# **Tacotron 2 (Multi-speaker) + TorchMoji Model Training (Kaggle Notebook)**
---
<a href="https://github.com/uberduck-ai/uberduck-ml-dev"> Uberduck Tacotron 2 (Multispeaker) + GSTs repo</a> & <a href="https://github.com/NVIDIA/tacotron2"> original tacotron 2 repo </a> | **Created by <a href="https://github.com/ColdFir5"> Michael </a>, Credits to <a href="https://www.kaggle.com/johnpaulk"> johnpaulbin </a> for helping put together step 8 for making tensorboard work on kaggle properly.**

This notebook will require: **A dataset**

The dataset should look like this: 

```
Kaggle Training Dataset/
          ├──wavs/
          │    ├──1.wav
          │    ├──2.wav
          │    ├──3.wav
          │    └──etc
          └──transcription.txt
               ├──wavs/1.wav|This is a test number 1!
               ├──wavs/2.wav|This is a test number 2!
               └──etc
```

**MAKE SURE 'GPU' HAS BEEN SELECTED AS THE ACCELERATOR IN THE NOTEBOOK SETTINGS**

*UPDATED 14/02/22, VERSION 6: Completely revamped and updated the notebook*

*UPDATED 14/02/22, VERSION 7: Fixed a bug*

*UPDATED 14/02/22, VERSION 8: Added a fix for the ```GLIBCXX_3.4.26 not found``` issue*

#### ***UPDATED 15/02/22, VERSION 9: Added TorchMoji!
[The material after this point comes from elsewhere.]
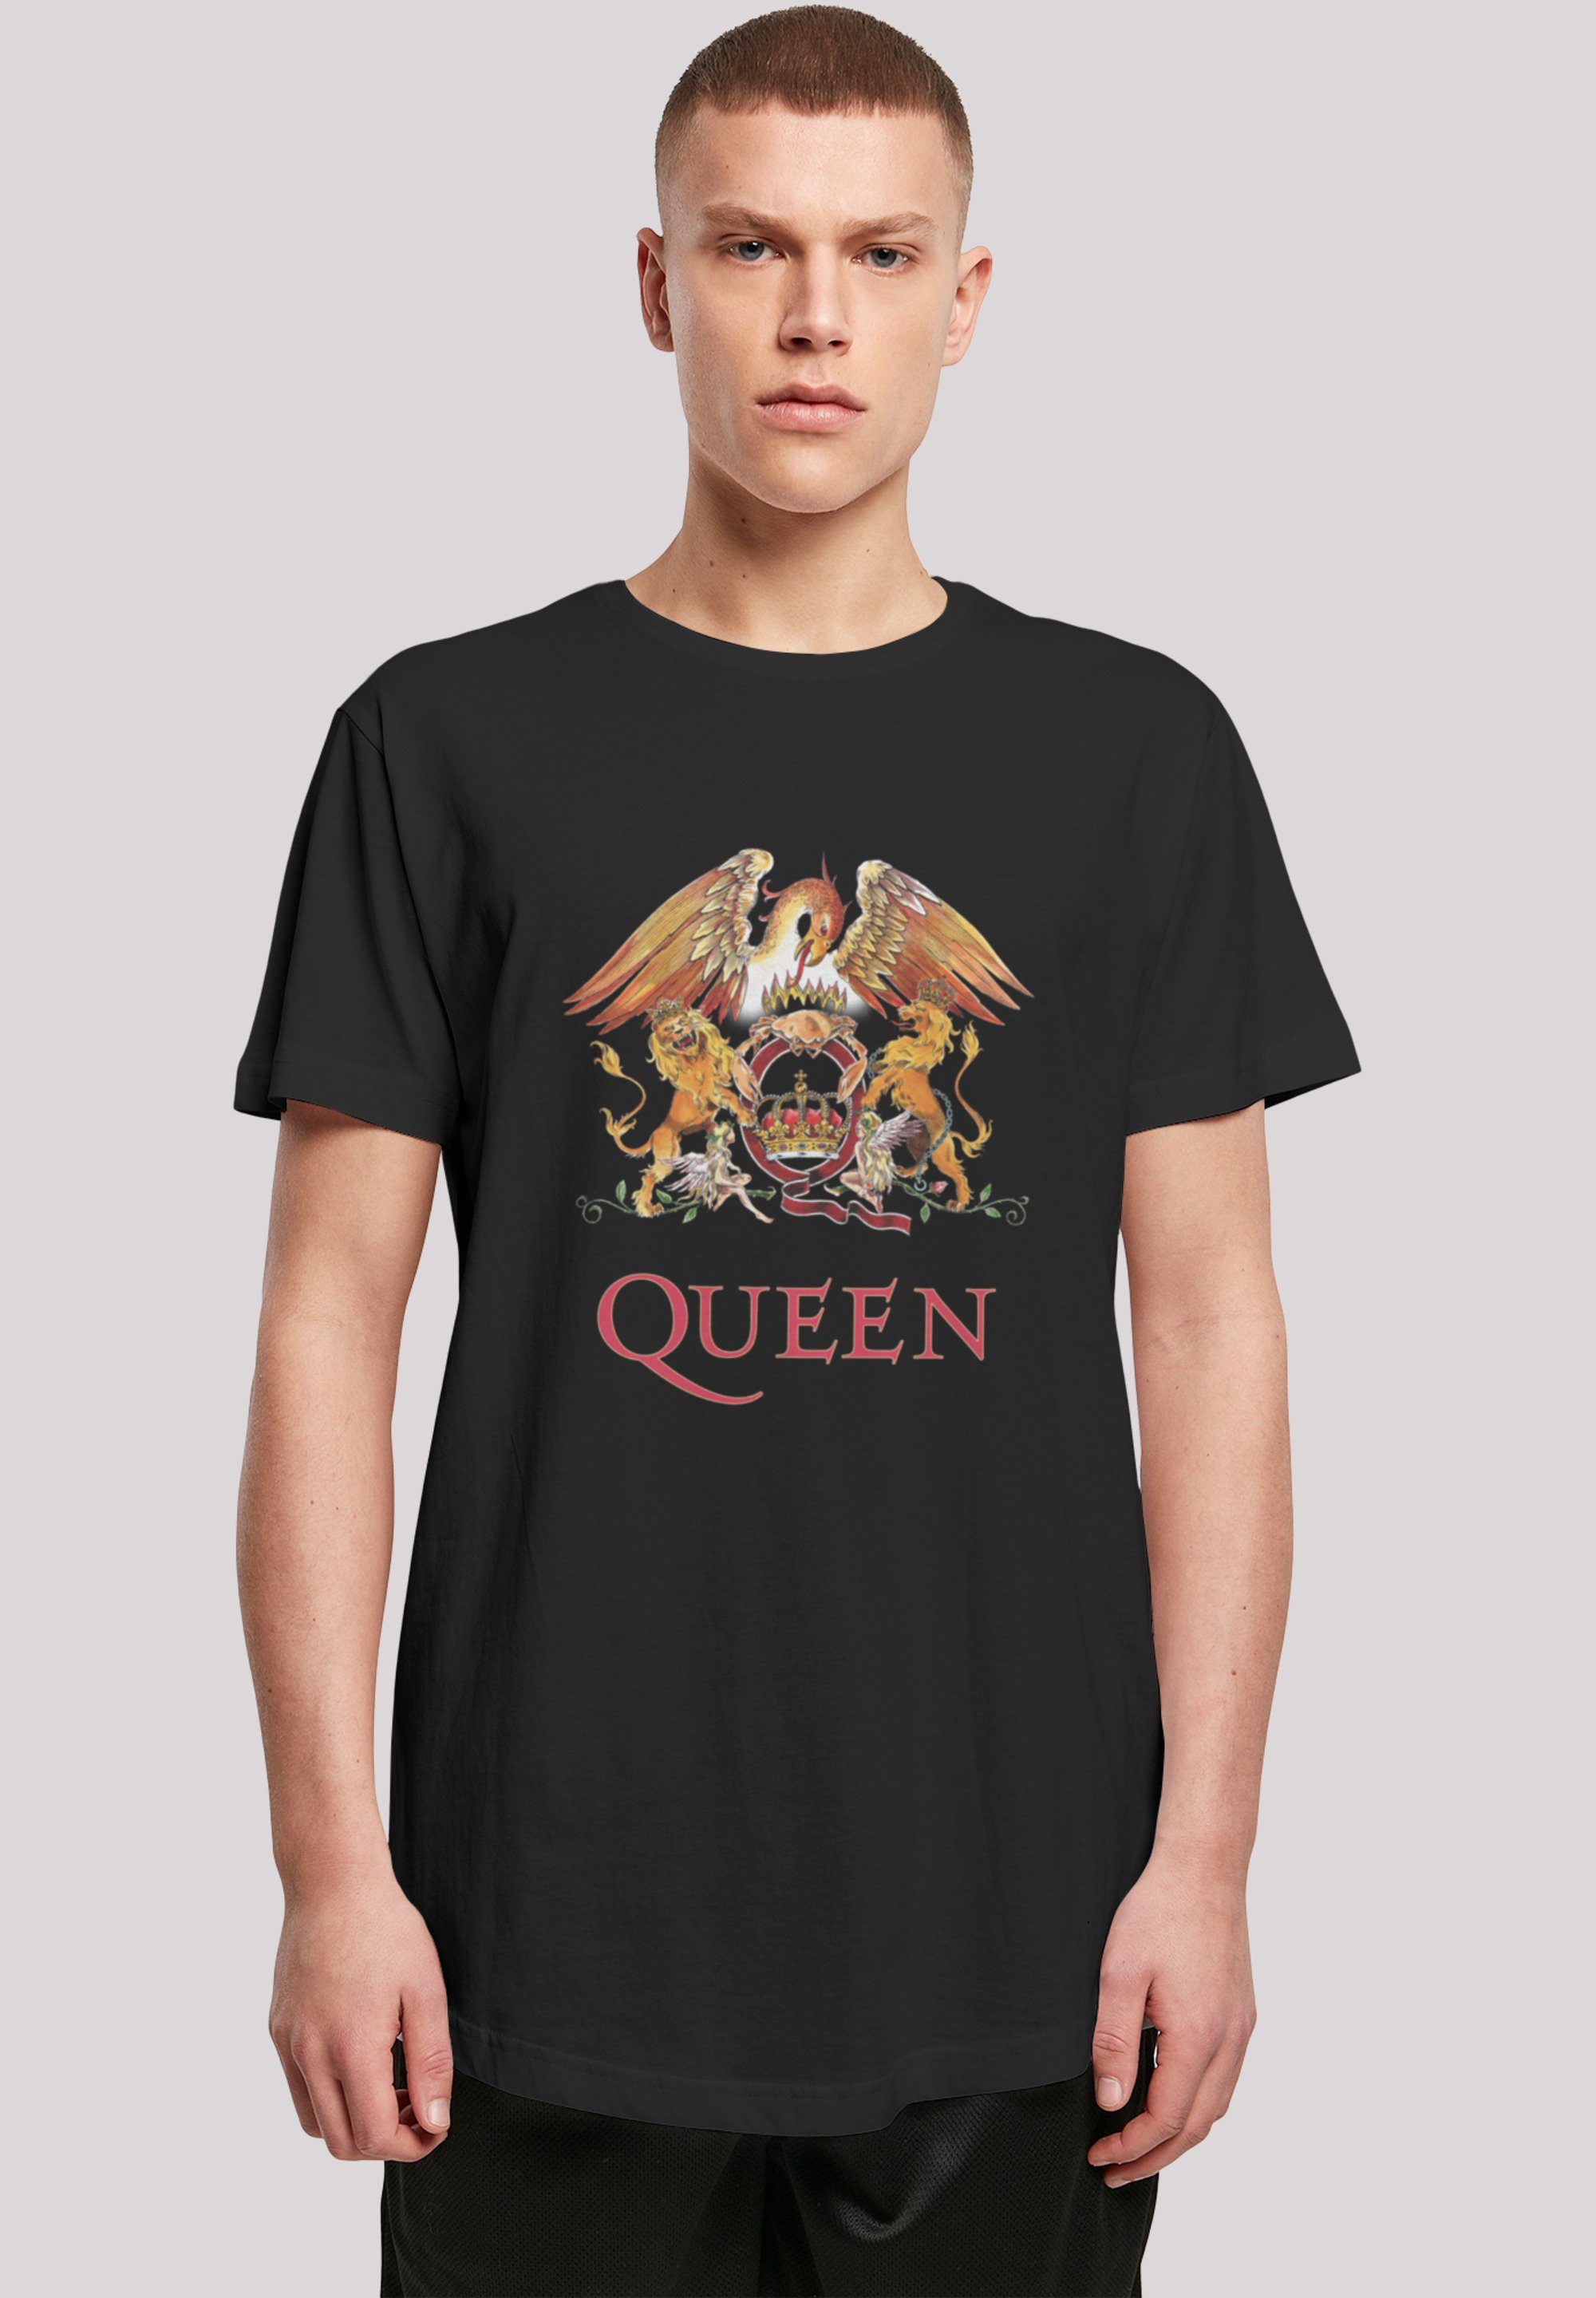 Rockband Print, T-Shirt F4NT4STIC Model groß 180 Black Queen ist Größe Classic Crest trägt cm und M Das

You can now train your models and it will predict emotion while training and give you the chance to set emotion while synthesising!***

*UPDATED 15/02/22, VERSION 10: Added the config file to the zipping process on step 10*

*UPDATED 18/02/22, VERSION 11: Minor fix*

---
# TRAINING INSTRUCTIONS
* Make sure to make your own version of this notebook for each new model
* **Import your dataset (22050hz, Mono, 16bit PCM audio) in the top right corner of the screen**
* Transcription file should look be in this format (LJS Formatting) for each wav (WITH PUNCTUATION):```wavs/1.wav|[Text here].```
* **RUN ALL STEPS INDIVIDUALLY AND MAKE SURE TO READ EACH STEP CAREFULLY**
* Fill in required inputs
* ***(VERY IMPORTANT)*** Once your model has been trained **DO NOT FORGET TO SAVE VERSION AND GO TO 'ADVANCED' AND CHECK 'ALWAYS SAVE OUTPUT'** so you do NOT LOSE progress
* ***(VERY IMPORTANT)*** Notebooks run for **12 hours at a time**, be sure to **save or download your models** at least **15 minutes before** the end
---
# CONTINUING TO TRAIN?

* **Be sure to change the ```warm_start_name``` to your latest trained model name (with the directory if required)**
* *Working on making this potentially be automatic, no promises ;)*

The dataset to use when continuing to train should look like this:

```
Kaggle Model Dataset/
          ├──checkpoints/
          │    └──tacotron2_3250.pt
          │
          └──runs/
               ├──events.out.tfevents.5239647356.gh52845952r9
               └──etc
```
p.s. When downloading your file after training they will be in this format already

---

# **1) User inputs**

Enter the name of your dataset, transcription file (with file extension), and if you are continuing with training or starting fresh

In [None]:
# Variables
dataset_name = "none"
transcript_file_name = "none"
training = "none"
models_dataset_name = "none"

# Inputs
while dataset_name == "none":
    dataset_name = input("What is the name of your training dataset?: ")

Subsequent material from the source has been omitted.